# Weed encroaching on my lawn



## Mbcarter967 (Feb 25, 2020)

I have some weeds intermixed with my Kentucky 31 Tall Fescue in my yard. They've really come up mostly over the last month or so. After some research online, I thought I determined it was crabgrass. Saturday, I sprayed some ortho crabgrass killer on it, but it isn't showing any signs of killing it after almost a week. I have attached pictures of it below. Thank you!


----------



## cldrunner (May 14, 2019)

Looks like you have some crabgrass and rescuegrass. It is starting to yellow but it is going to take some time(a few weeks). It is also going to take multiple applications. You have your work cut out for you because that lawn looks to be covered by 50+ percent weeds. I would spray again soon. You also need to put down a pre-emergent now and in late fall.

This is a good resource to help you identify weeds.

http://publications.tamu.edu/TURF_LANDSCAPE/PUB_turf_Herbicides%20for%20Weed%20Control%20in%20Turfgrass.pdf

I am not experienced with TTTF but this publication recommends fenoxaprop.
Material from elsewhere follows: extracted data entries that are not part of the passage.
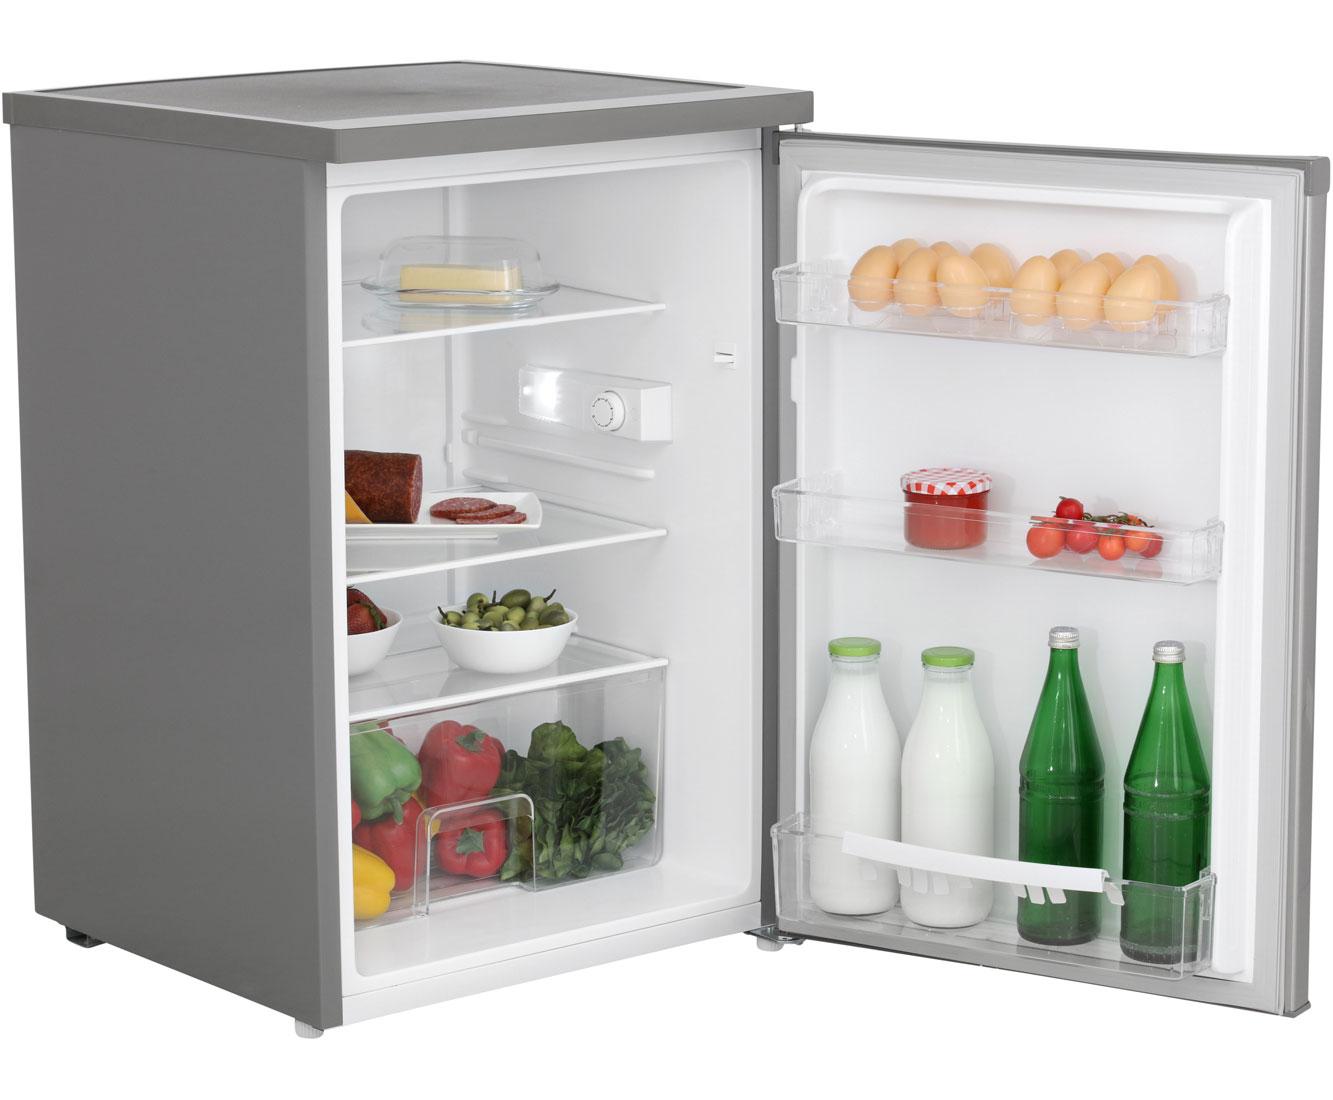 Bomann Mini Kühlschrank Jägermeister : K hlschrank welche stufe analyse laborgeräte kühlschränke
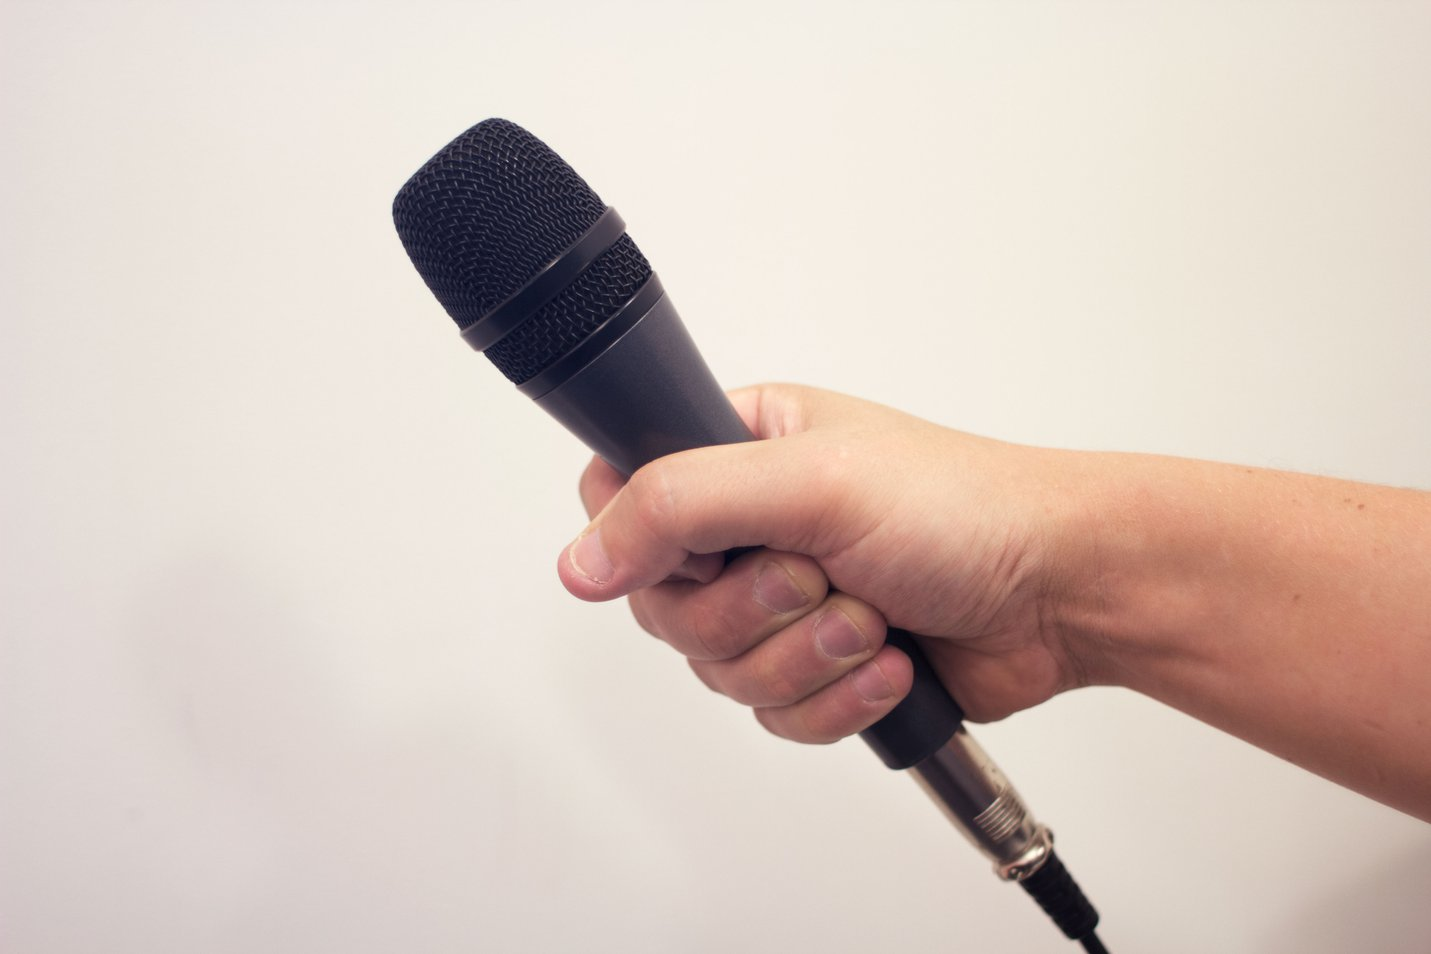 Hand held microphone
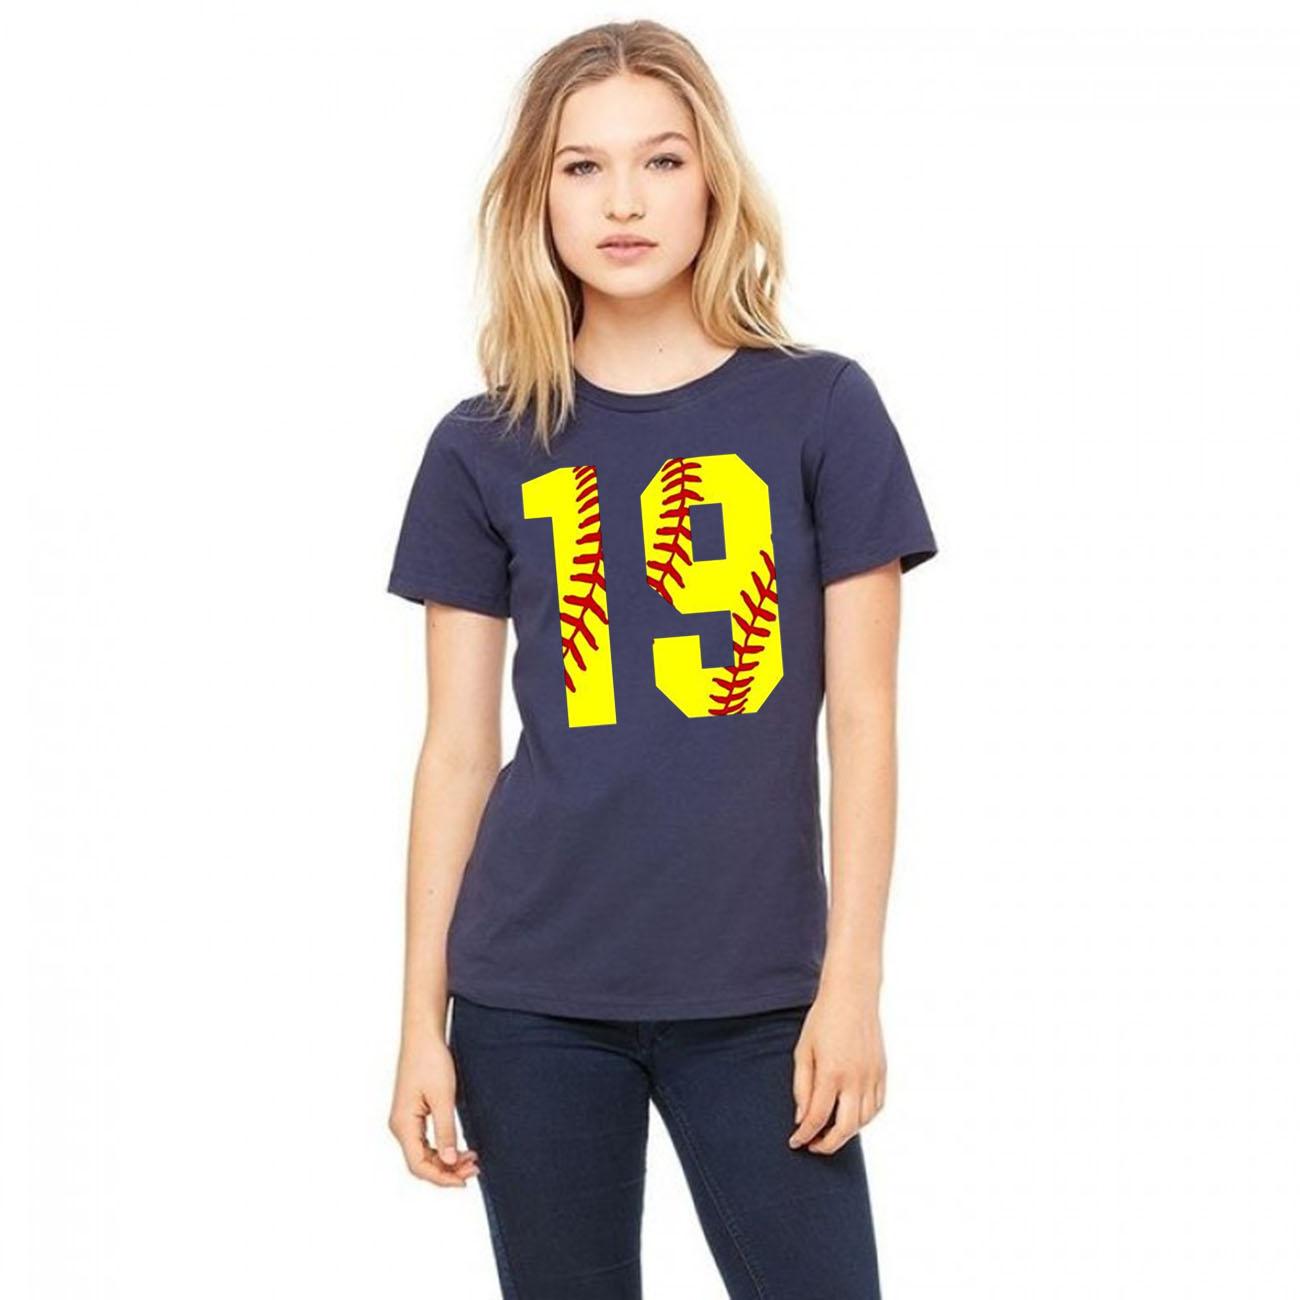 #19 Birthday Girl Softball Mom Fastpitch Softball Jersey Classic T-Shirt
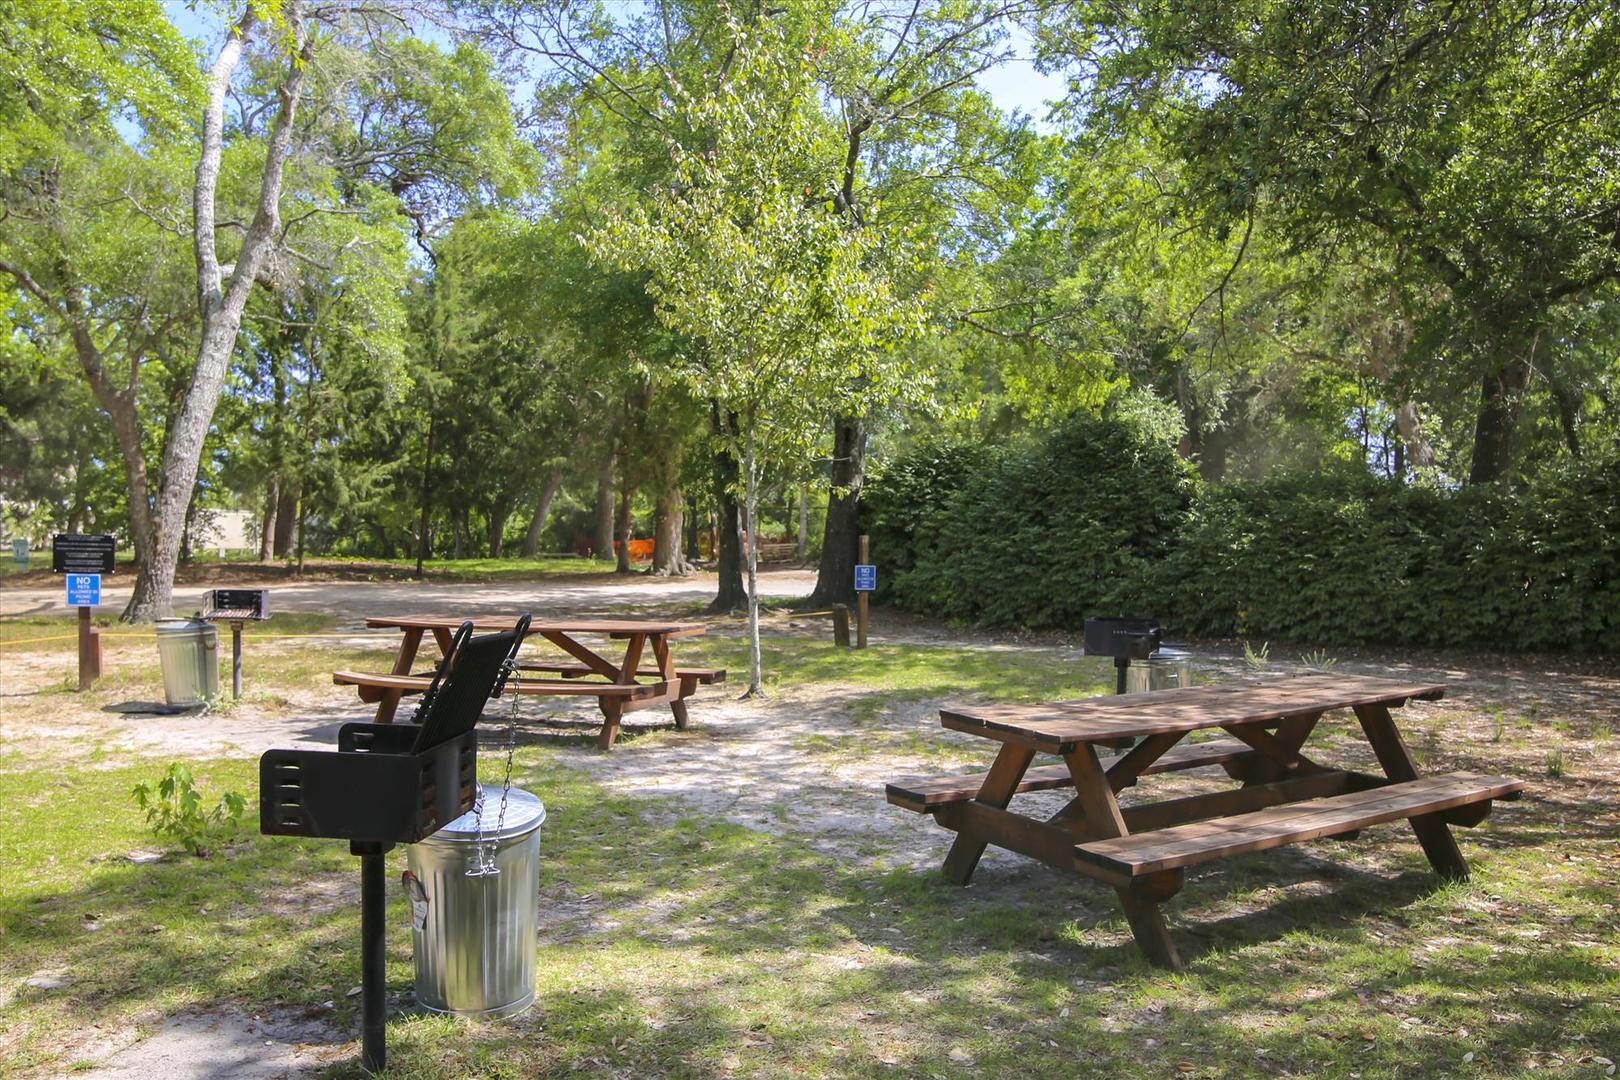 Ocean Creek Grilling and Picnic Area
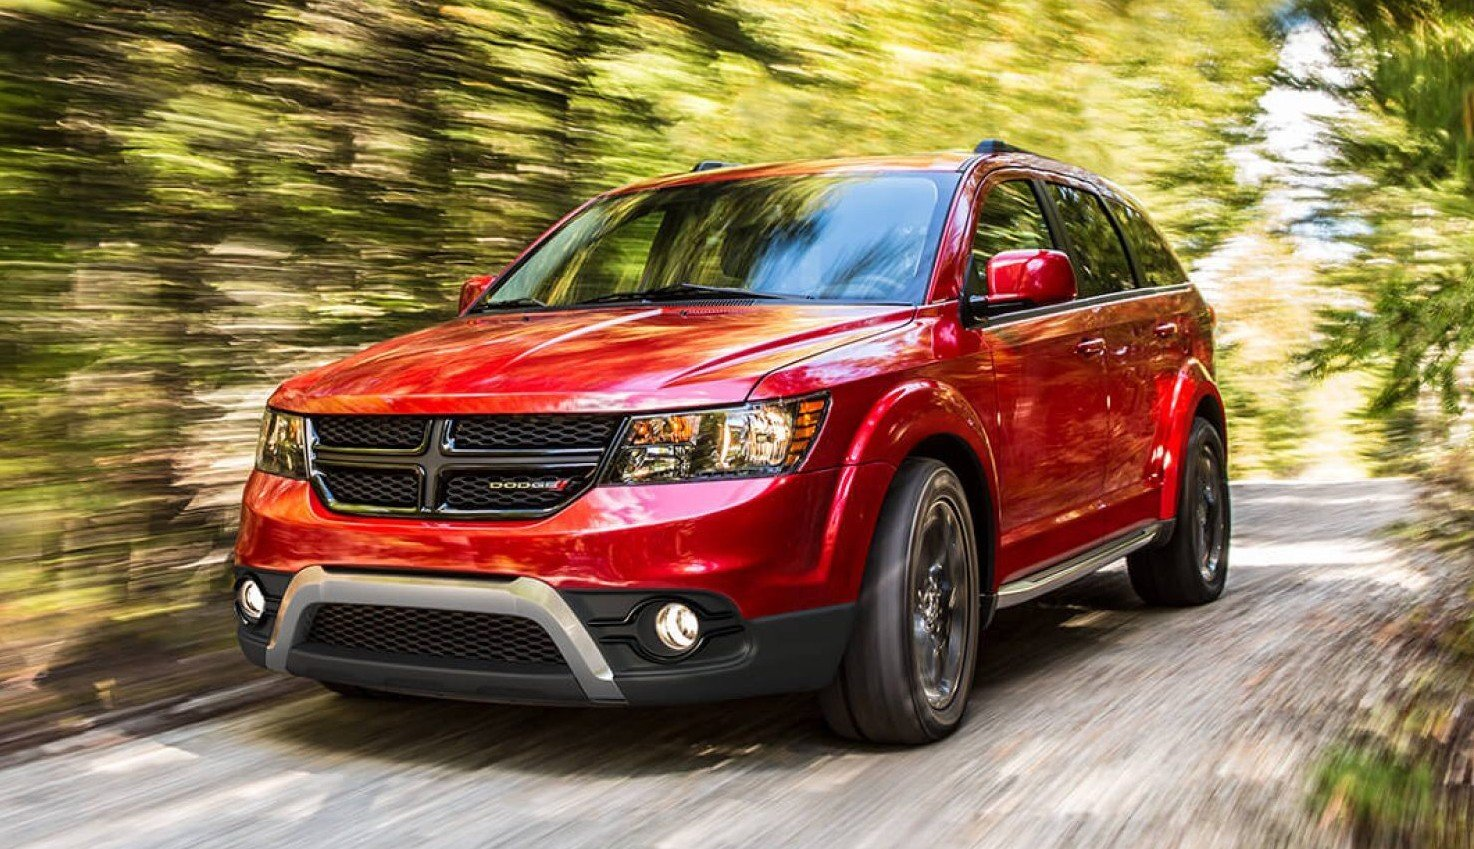 Dodge Journey - Red Color

Look for this chemical in a product like:

https://www.amazon.com/BioAdvanced-704100B-Bermudagrass-Control-32-Ounce/dp/B001D25Y0K/ref=sr_1_6?crid=B9ACJV0F41R9&keywords=fenoxaprop-p-ethyl&qid=1582907675&sprefix=fenox%2Caps%2C175&sr=8-6

or

https://www.solutionsstores.com/acclaim-extra

Since you have such a small lawn and I saw in a previous post you were not going to be there for more than two years I would probably just stick with the hose end spray bottles you can find at HD/Lowes/Walmart.


----------